La mise en scène reflète parfaitement le propos de Ionesco : la folie collective est particulièrement bien représentée à travers cette danse sauvage aux accents militaires que réalisent les acteurs atteints de "rhinocérite". Elle a également des accents contemporains : Béranger se scrute pour vérifier qu'il n'a pas de corne à l'aide d'une petite caméra dont l'image est retranscrite sur un écran qui fait face aux spectateurs. Ici sous-entendue, l'image du miroir, qui reflète la conscience humaine. Cet aspect moderne de la mise en scène permet également de rattacher la pièce au contexte actuel.
Une dénonciation ancienne, une raisonnance actuelle
À l'issue de la représentation, une discussion était organisée par Amnesty International sur le thème "Sommes-nous tous des rhinocéros?" avec pour invité le professeur de Sciences Politiques à l'Université Libre de Bruxelles Pascal Delwit, permettant ainsi de réenvisager cette pièce dans le contexte actuel.
Rhinocéros a été écrite par Eugène Ionesco pendant la période dite de "l'entre-deux guerres", période de "perte de raison" collective. Comme le rappelle Pascal Delwit, les partis fascistes progressaient inexorablement à l'époque et menaçaient l'intégrité de l'Europe. Cette pièce a donc été écrite dans un contexte européen particulièrement instable et troublé, et dénonçait en particulier l'habitude, le renoncement, l'"attentisme" qui caractérisait une très grande majorité de la population de l'époque. En entendant cela, ils nous prend l'envie de faire comme Béranger et de nous scruter, ainsi que notre société contemporaine, dans un miroir : ne sommes-nous pas actuellement dans un contexte très similaire?
Si cette pièce a une raisonnance si actuelle, c'est parce qu'elle se déconstruit et se reconstruit en permanence, ce qui lui confère une portée toute particulière. On peut en effet comprendre le message de cette pièce de différentes façons : son refus du conformisme, par exemple. Il est intéressant de constater que, selon le politilogue Delwit, le refus du conformisme qui se dégage de la pièce de Ionesco a une dimension politique, alors que pour le comédien Pietro Pizzuti qui incarne Béranger, ce serait plutôt un refus du conformisme social.
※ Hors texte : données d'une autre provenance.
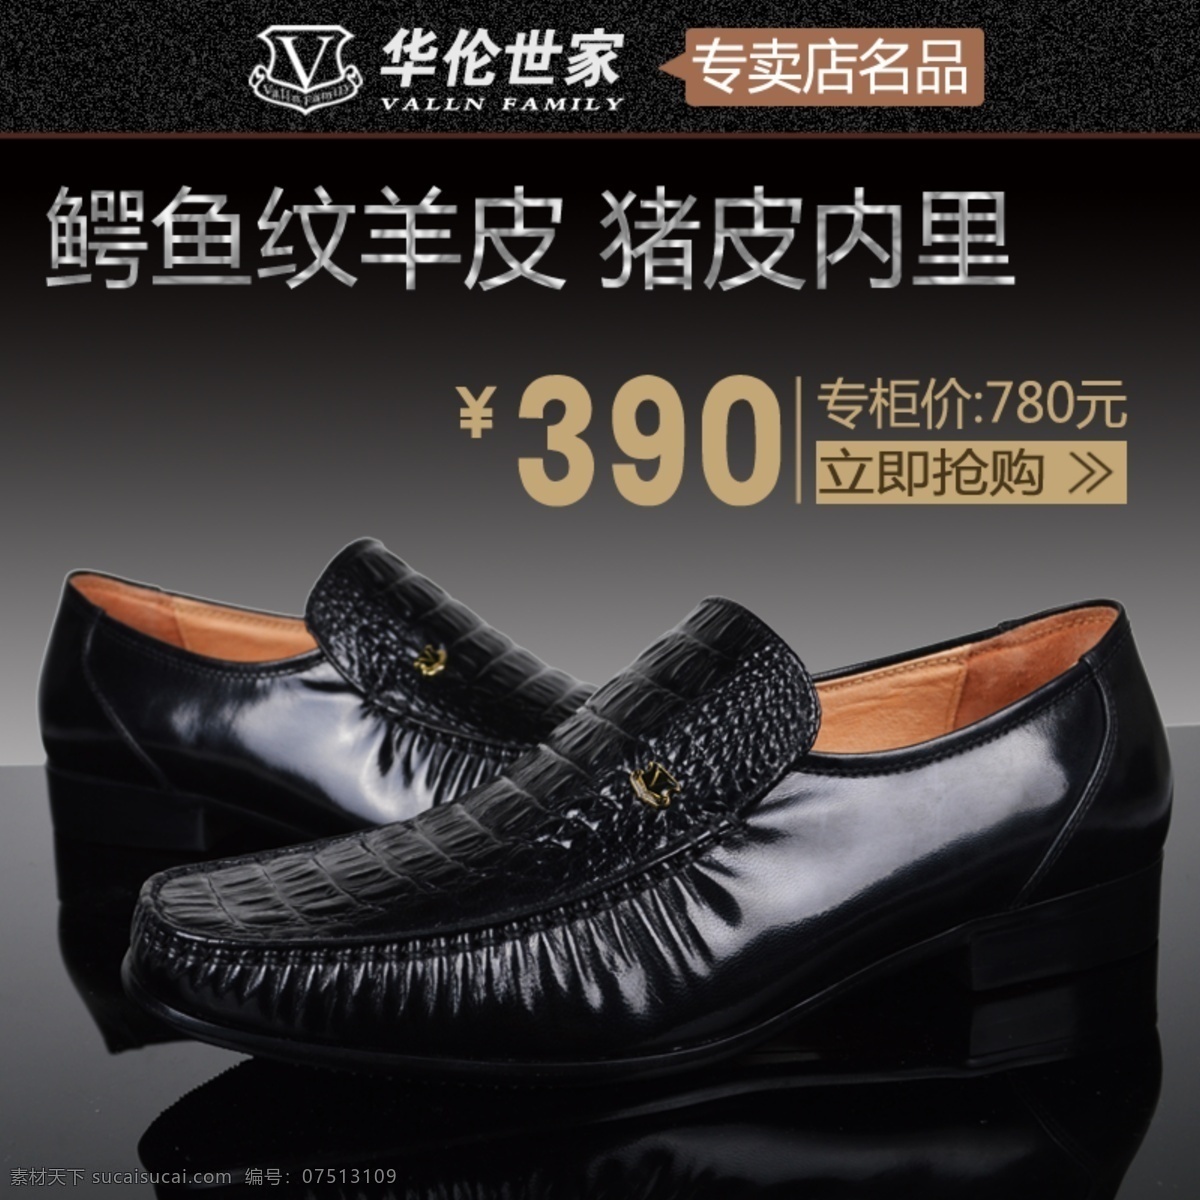 淘宝 男 皮鞋 促销 推广 男皮鞋 网页模板 源文件 中文模版 淘宝素材 其他淘宝素材

Au cours du débat, quand on lui pose la question : "Sommes-nous tous des rhinocéros?", il répond: "Il suffit de se balader rue Neuve pour s'apercevoir qu'aujourd'hui, il n'y a plus de Béranger, seulement des rhinocéros".
La pièce peut aussi faire penser à la crise des réfugiés, et au refus de nos sociétés occidentales d'affronter cette crise, à notre complaisance quand il s'agit de détourner le regard. Chacun voit dans Rhinocéros ce qu'il veut, et c'est là la véritable richesse de cette pièce : elle permet à chacun de se regarder dans le miroir et d'accéder à sa propre vérité.